■ **ASSIGNMENT**:
Reproduce the listing that follows character for character, excluding its pictures.
DATA SHOWN START
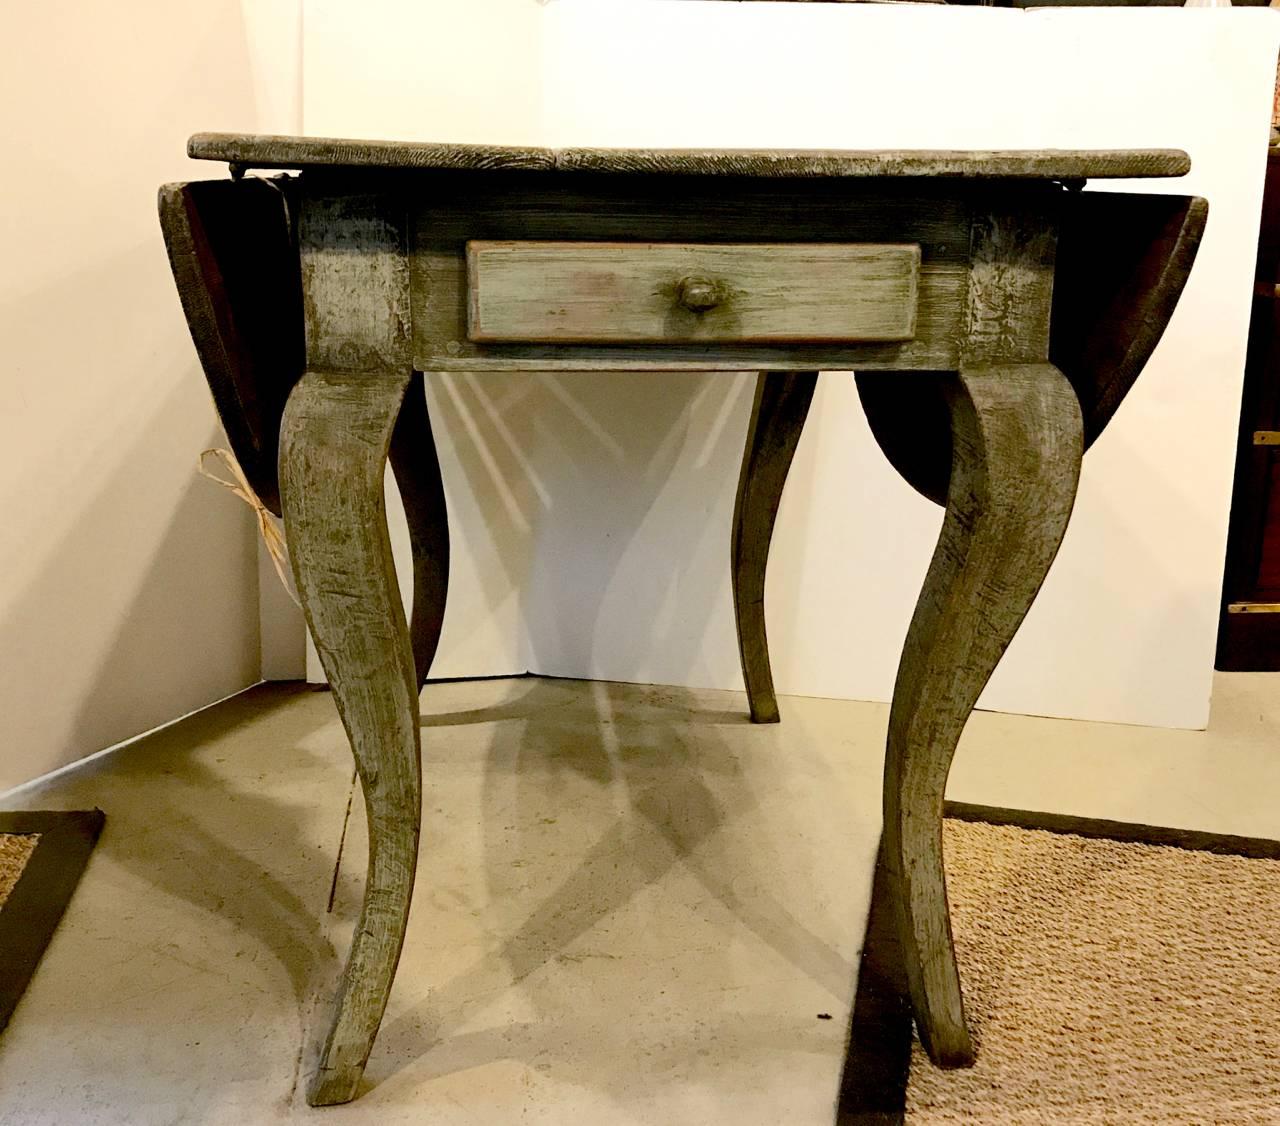 This is a wonderful 18th century drop-leaf table. All elements except the painted surface appear to be original. The curvy sexy Baroque legs and the old forged iron hinges give this table lots of character. With the drop sides up, the table is a
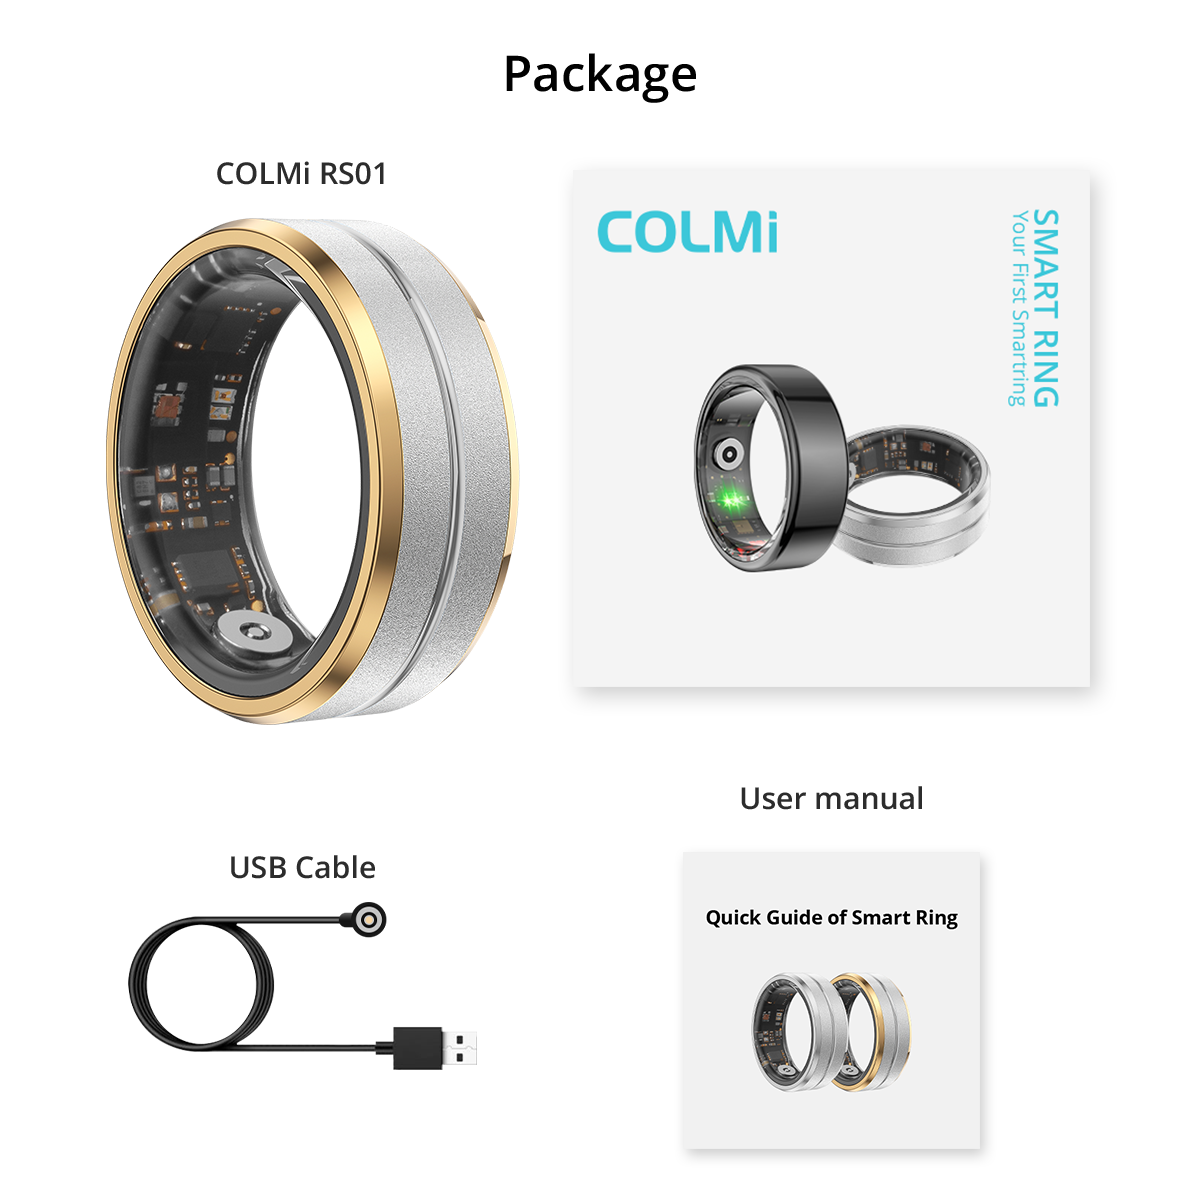 COLMI RS01 smart ring packaging picture
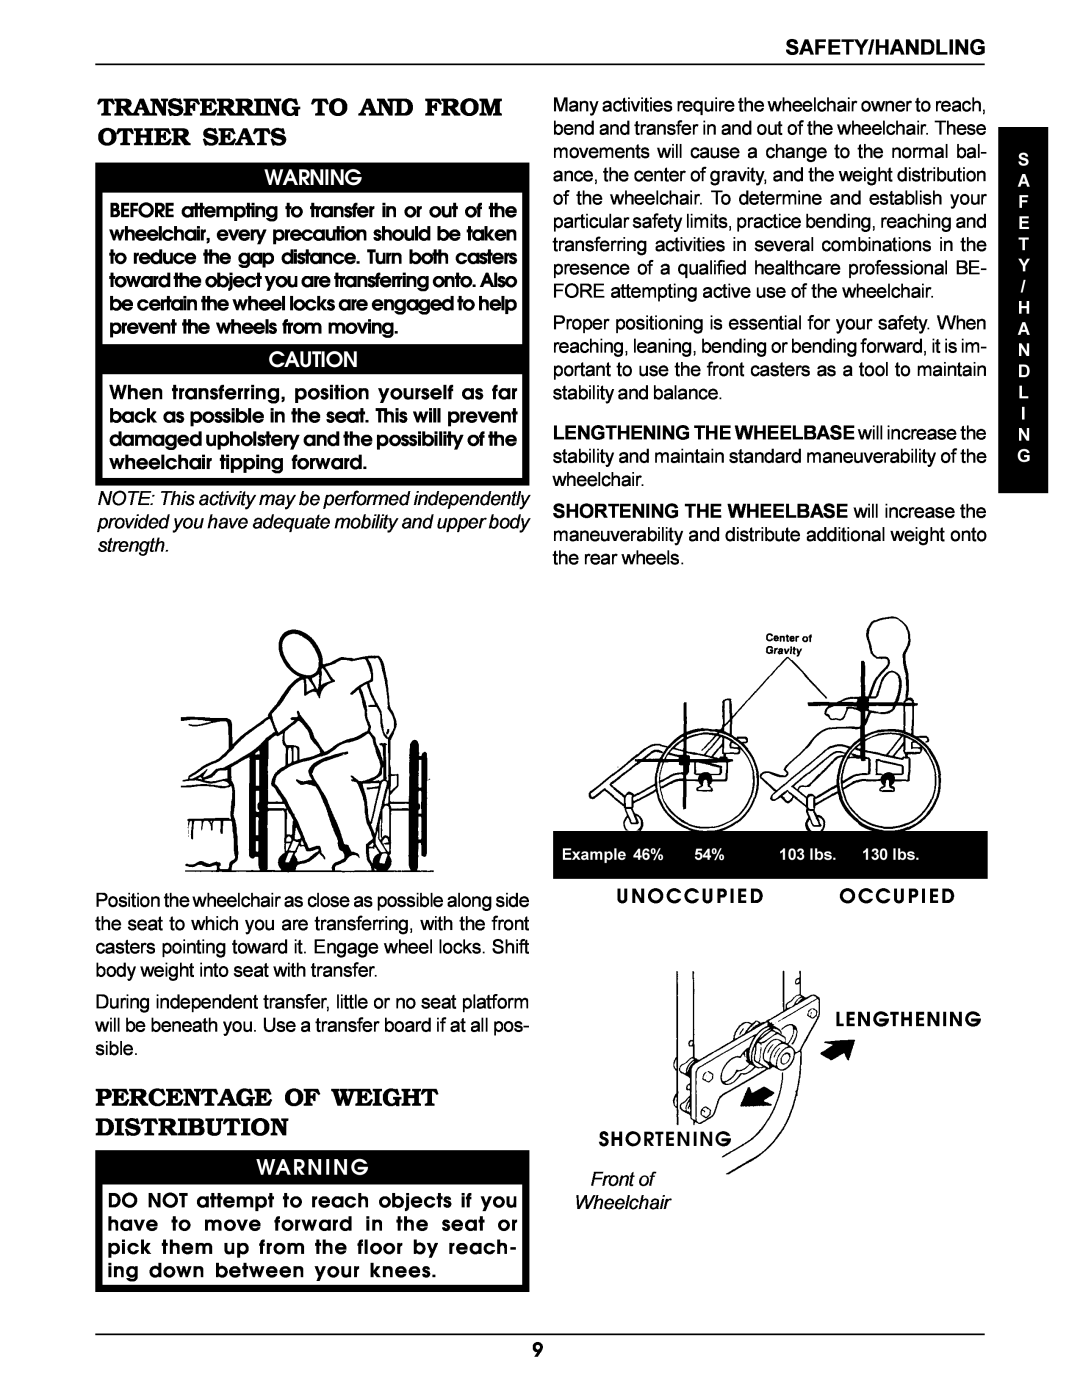 Invacare Pro Series manual Transferring To And From, Other Seats, Percentage Of Weight Distribution, Safety/Handling 
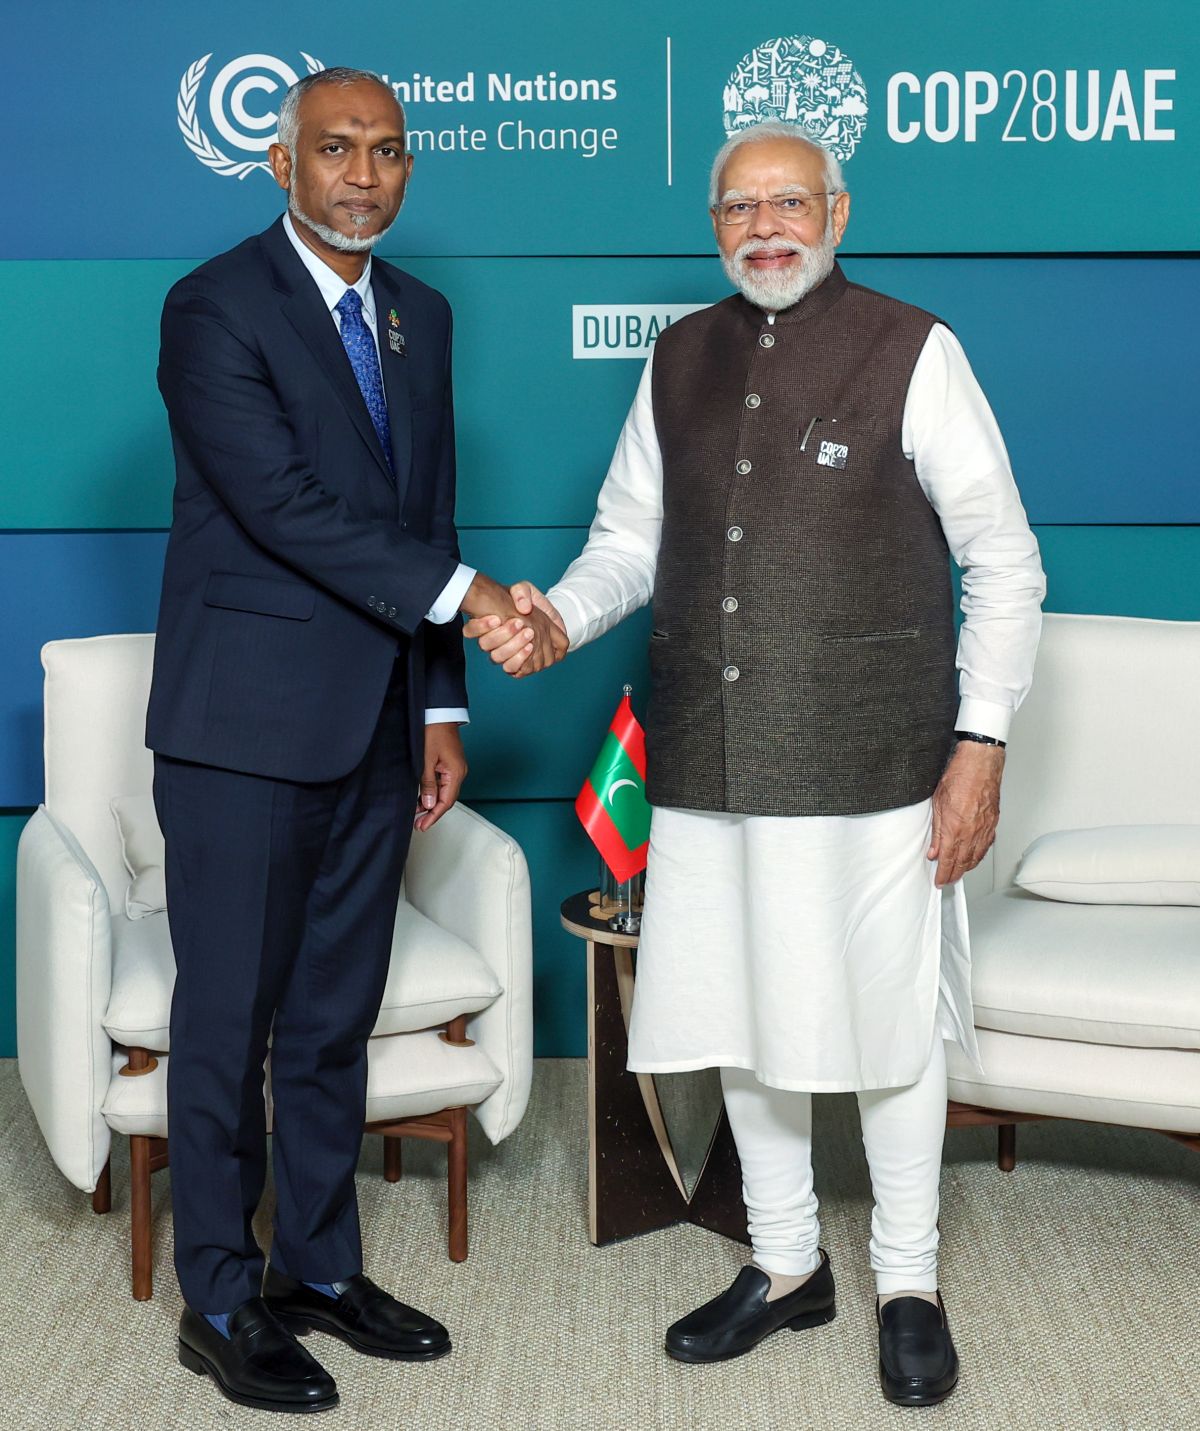 More Indian troops to leave Maldives this month: Prez
DATA SHOWN END
■ **EXERCISE OUTPUT**:
 This is a wonderful 18th century drop-leaf table. All elements except the painted surface appear to be original. The curvy sexy Baroque legs and the old forged iron hinges give this table lots of character. With the drop sides up, the table is a
 COLMI RS01 smart ring packaging picture
 Invacare Pro Series manual Transferring To And From, Other Seats, Percentage Of Weight Distribution, Safety/Handling 
 More Indian troops to leave Maldives this month: Prez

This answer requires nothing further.